#### Data block

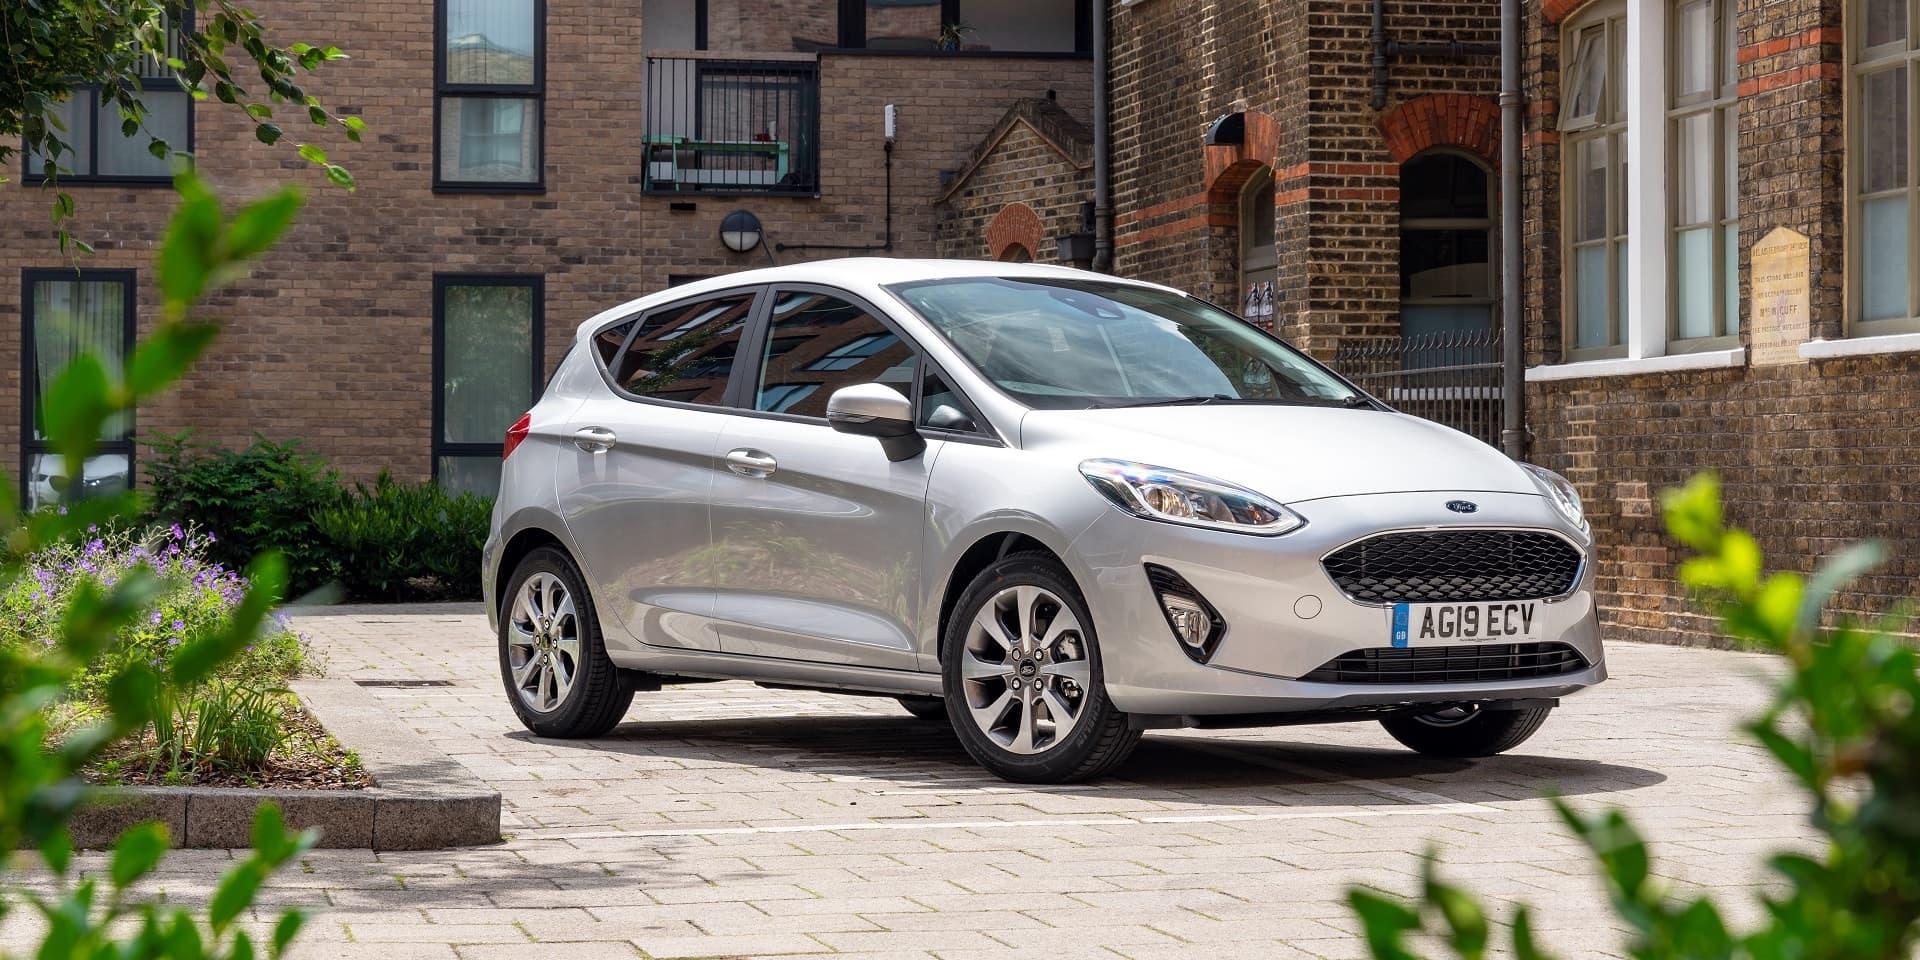 Ford Fiesta (2017 onwards) Expert Rating
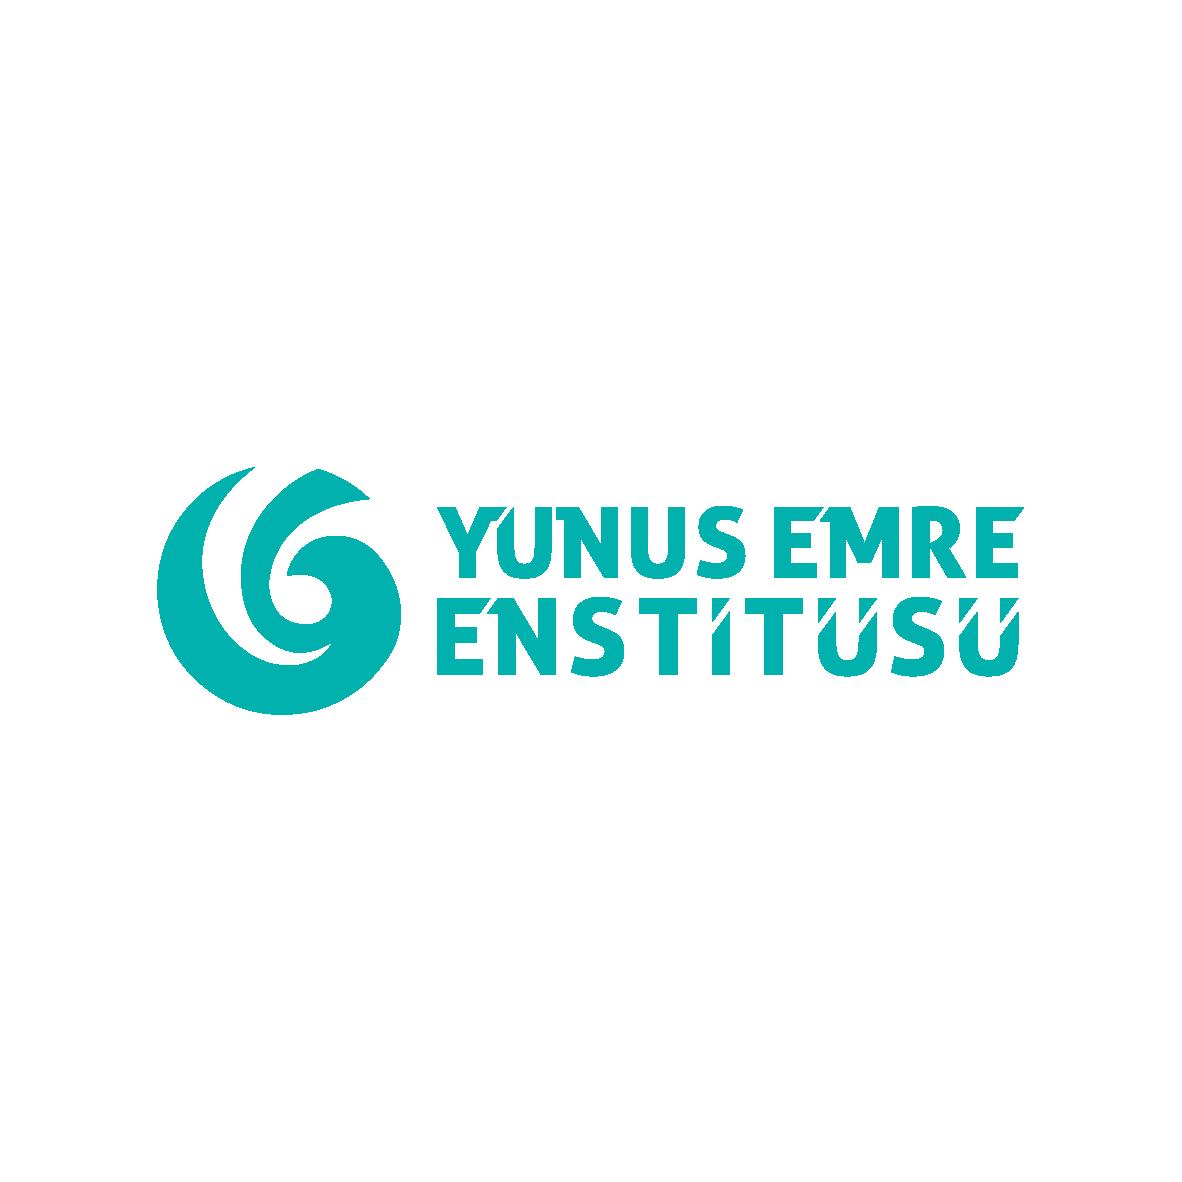 Yunus Emre Enstitüsü 2
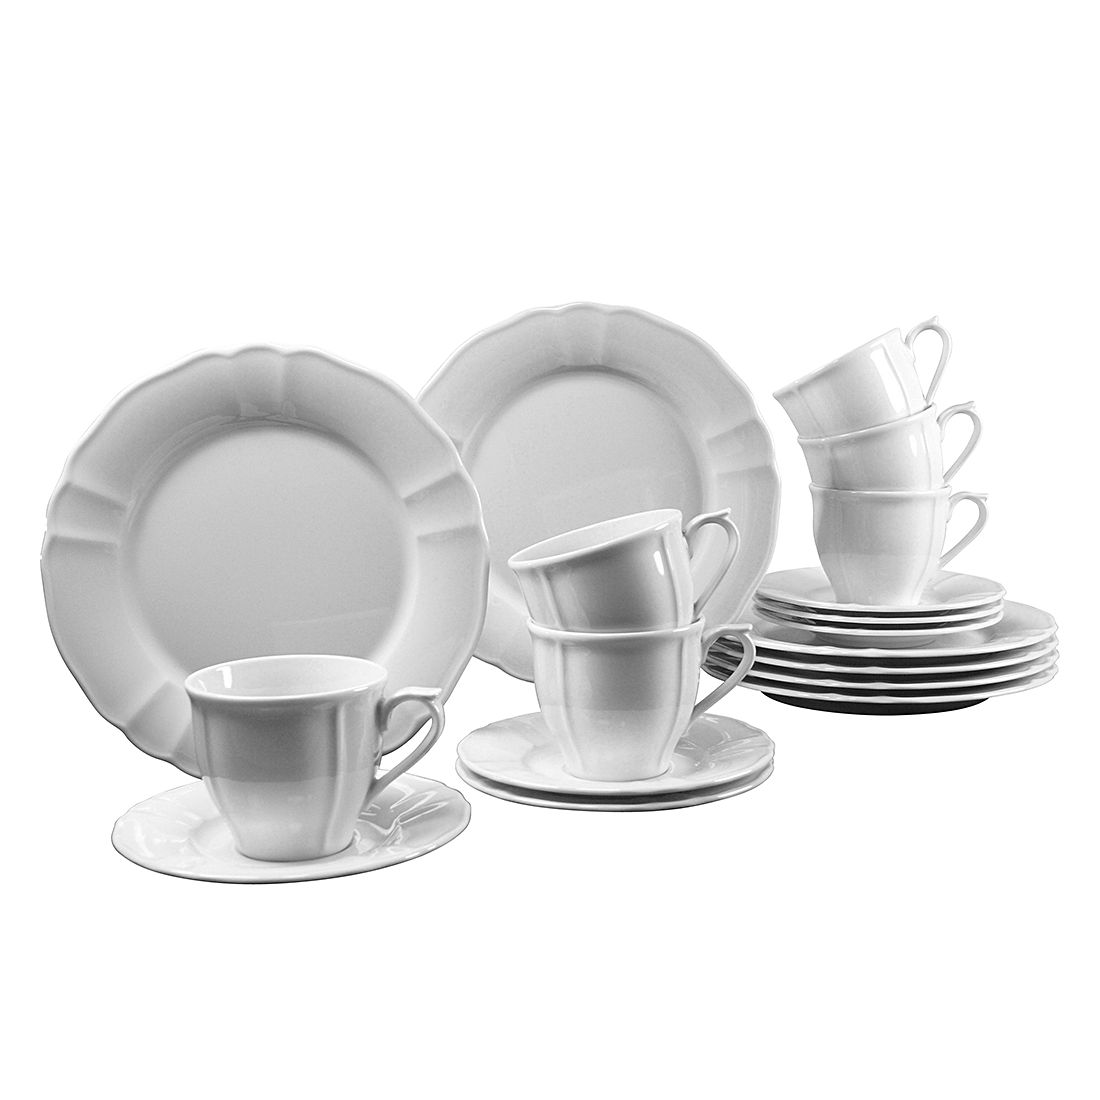 Kaffeeservice Flora (18-teilig) – Weiß, Creatable günstig bestellen
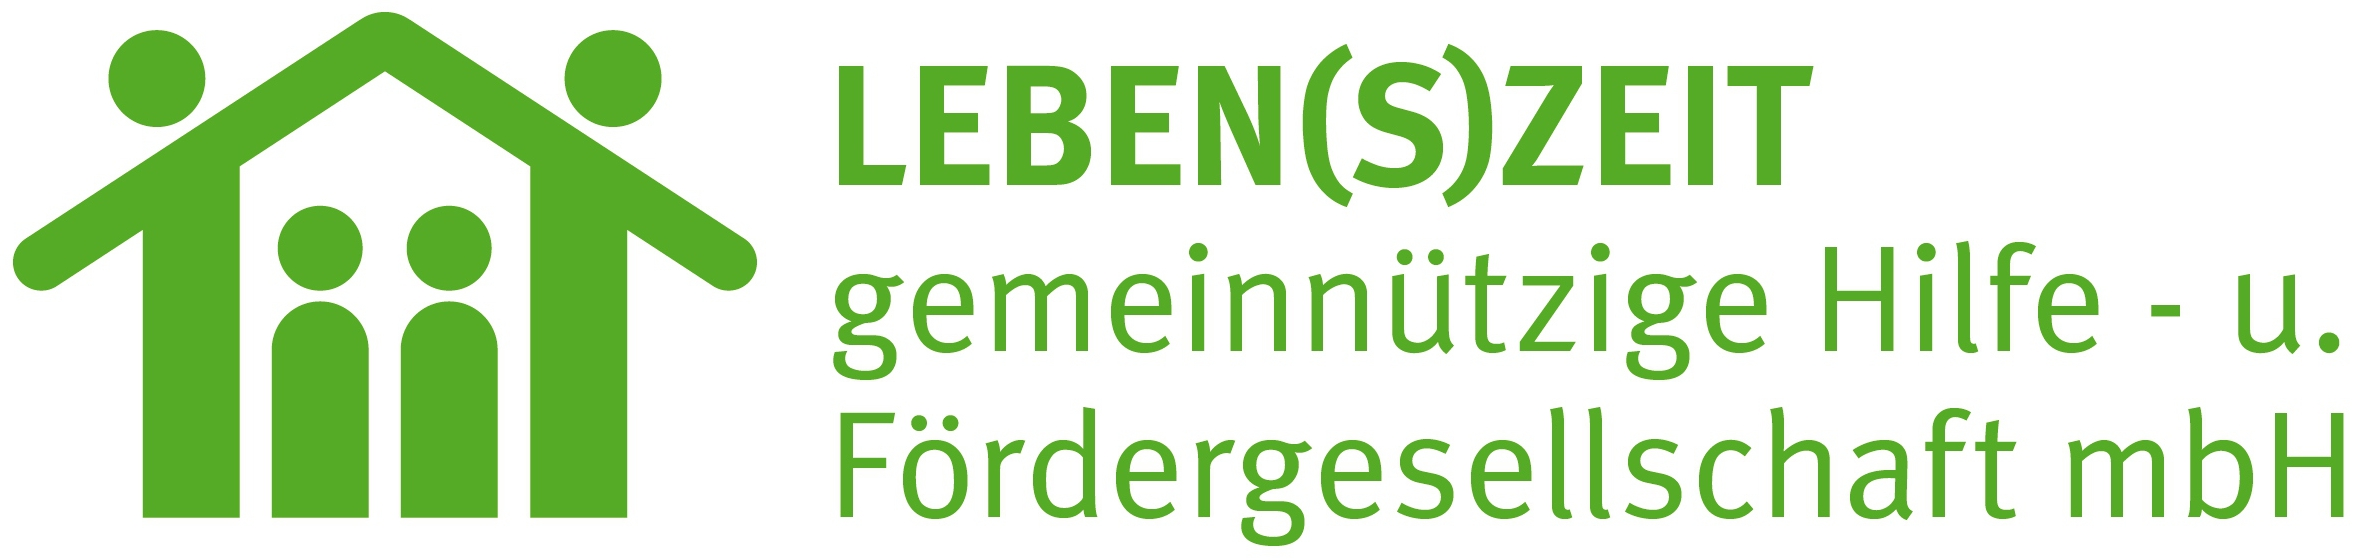 overlay-logo

########

• _Work to be completed_
What you produce must match the listing word for word, with no images in it.

• _Solution to this problem_
 Ford Fiesta (2017 onwards) Expert Rating
 Yunus Emre Enstitüsü 2
 Kaffeeservice Flora (18-teilig) – Weiß, Creatable günstig bestellen
 overlay-logo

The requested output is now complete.